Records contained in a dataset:
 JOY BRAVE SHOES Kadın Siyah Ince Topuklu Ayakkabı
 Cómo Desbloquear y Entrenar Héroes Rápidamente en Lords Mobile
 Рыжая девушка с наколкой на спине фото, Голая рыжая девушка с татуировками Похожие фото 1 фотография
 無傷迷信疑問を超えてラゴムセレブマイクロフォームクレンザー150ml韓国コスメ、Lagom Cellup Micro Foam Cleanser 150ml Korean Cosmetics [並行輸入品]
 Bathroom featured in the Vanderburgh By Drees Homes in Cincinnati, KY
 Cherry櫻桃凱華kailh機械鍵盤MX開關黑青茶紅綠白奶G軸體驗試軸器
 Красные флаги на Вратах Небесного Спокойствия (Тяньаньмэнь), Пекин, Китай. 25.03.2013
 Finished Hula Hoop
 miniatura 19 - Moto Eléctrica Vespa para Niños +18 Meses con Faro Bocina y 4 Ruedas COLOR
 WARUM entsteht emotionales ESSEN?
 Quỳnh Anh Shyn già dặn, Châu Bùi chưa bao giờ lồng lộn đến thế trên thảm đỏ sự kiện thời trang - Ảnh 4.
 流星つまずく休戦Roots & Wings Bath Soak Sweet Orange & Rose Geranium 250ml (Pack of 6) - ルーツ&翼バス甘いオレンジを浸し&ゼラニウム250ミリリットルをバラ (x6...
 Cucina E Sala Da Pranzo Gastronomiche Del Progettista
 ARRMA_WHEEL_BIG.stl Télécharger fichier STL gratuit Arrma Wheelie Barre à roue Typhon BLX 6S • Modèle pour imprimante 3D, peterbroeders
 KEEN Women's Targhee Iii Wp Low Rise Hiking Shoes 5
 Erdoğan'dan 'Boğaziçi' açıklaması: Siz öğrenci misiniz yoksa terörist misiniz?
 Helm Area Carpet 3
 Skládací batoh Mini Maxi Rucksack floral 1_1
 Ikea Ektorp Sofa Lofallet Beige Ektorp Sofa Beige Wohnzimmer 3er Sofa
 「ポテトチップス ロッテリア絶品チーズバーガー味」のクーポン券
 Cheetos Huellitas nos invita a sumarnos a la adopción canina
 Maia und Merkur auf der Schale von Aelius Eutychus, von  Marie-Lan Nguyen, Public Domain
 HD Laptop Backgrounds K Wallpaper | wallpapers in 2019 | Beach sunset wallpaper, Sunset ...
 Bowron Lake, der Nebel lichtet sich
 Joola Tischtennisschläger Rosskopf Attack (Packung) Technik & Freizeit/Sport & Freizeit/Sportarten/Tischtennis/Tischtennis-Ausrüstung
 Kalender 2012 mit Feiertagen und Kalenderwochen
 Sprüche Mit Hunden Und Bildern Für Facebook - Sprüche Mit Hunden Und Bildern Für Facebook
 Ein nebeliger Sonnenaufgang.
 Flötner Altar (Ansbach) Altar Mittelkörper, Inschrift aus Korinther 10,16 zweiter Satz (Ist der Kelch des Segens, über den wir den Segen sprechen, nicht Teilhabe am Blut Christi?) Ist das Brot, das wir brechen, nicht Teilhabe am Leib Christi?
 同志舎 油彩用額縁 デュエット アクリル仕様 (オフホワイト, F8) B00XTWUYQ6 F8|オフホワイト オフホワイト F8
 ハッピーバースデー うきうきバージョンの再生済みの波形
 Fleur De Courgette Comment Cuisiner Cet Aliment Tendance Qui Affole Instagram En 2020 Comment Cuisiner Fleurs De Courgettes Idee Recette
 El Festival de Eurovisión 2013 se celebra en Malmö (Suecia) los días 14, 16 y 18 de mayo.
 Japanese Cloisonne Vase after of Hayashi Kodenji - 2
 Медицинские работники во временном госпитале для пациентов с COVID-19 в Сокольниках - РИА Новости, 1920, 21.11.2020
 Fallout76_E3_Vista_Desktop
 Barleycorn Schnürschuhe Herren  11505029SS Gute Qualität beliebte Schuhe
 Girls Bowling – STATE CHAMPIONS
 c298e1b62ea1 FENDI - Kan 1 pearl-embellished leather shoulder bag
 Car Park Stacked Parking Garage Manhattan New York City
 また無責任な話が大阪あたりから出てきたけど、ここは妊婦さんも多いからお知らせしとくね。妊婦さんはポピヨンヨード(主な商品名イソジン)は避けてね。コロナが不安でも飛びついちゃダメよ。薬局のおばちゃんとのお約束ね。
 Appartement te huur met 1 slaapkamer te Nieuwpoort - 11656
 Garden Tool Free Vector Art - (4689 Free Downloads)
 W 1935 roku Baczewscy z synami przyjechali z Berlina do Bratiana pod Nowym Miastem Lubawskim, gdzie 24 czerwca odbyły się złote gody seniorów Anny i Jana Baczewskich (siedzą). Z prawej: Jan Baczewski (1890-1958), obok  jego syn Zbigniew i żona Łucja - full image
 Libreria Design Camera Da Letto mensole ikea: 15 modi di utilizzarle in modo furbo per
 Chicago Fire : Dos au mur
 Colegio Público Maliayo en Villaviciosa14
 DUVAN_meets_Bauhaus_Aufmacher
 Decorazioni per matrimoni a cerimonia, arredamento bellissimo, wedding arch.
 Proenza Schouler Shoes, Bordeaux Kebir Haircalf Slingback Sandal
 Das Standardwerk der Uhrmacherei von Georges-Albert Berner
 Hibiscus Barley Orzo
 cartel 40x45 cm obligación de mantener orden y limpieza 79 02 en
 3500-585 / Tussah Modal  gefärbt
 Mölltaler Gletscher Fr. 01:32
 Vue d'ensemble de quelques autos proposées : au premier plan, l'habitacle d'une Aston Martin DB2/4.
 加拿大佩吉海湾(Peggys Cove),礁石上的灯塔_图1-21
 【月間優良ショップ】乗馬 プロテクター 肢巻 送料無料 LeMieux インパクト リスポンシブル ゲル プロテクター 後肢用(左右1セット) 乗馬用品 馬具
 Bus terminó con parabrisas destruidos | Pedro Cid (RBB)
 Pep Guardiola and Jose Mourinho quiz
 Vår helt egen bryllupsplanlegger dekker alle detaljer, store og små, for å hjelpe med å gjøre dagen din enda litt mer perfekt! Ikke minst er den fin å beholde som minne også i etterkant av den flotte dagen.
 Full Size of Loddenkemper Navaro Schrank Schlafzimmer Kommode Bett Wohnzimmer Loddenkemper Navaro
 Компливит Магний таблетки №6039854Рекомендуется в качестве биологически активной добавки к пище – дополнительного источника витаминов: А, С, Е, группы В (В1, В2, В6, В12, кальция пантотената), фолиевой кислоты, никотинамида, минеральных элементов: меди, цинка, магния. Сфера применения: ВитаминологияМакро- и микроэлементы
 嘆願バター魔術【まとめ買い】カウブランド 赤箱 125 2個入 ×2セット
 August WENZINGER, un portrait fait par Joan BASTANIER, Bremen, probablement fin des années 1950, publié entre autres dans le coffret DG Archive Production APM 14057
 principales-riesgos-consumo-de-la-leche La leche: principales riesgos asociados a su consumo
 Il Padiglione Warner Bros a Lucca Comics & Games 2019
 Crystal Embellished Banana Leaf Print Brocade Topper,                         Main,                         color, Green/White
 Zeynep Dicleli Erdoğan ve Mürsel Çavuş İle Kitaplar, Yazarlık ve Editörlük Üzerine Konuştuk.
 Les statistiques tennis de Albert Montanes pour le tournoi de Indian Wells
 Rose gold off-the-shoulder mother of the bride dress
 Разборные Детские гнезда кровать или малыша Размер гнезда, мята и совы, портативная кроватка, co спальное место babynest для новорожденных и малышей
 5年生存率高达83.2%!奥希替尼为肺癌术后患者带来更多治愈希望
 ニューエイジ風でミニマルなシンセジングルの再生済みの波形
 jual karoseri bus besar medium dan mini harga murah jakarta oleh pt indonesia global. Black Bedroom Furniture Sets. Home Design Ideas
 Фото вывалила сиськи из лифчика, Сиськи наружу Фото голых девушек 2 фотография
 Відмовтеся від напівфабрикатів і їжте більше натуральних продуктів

- [Task instructions] Search the entries for the word "pour" and gather every line where it appears.

- [Finished exercise]
 ARRMA_WHEEL_BIG.stl Télécharger fichier STL gratuit Arrma Wheelie Barre à roue Typhon BLX 6S • Modèle pour imprimante 3D, peterbroeders
 Les statistiques tennis de Albert Montanes pour le tournoi de Indian Wells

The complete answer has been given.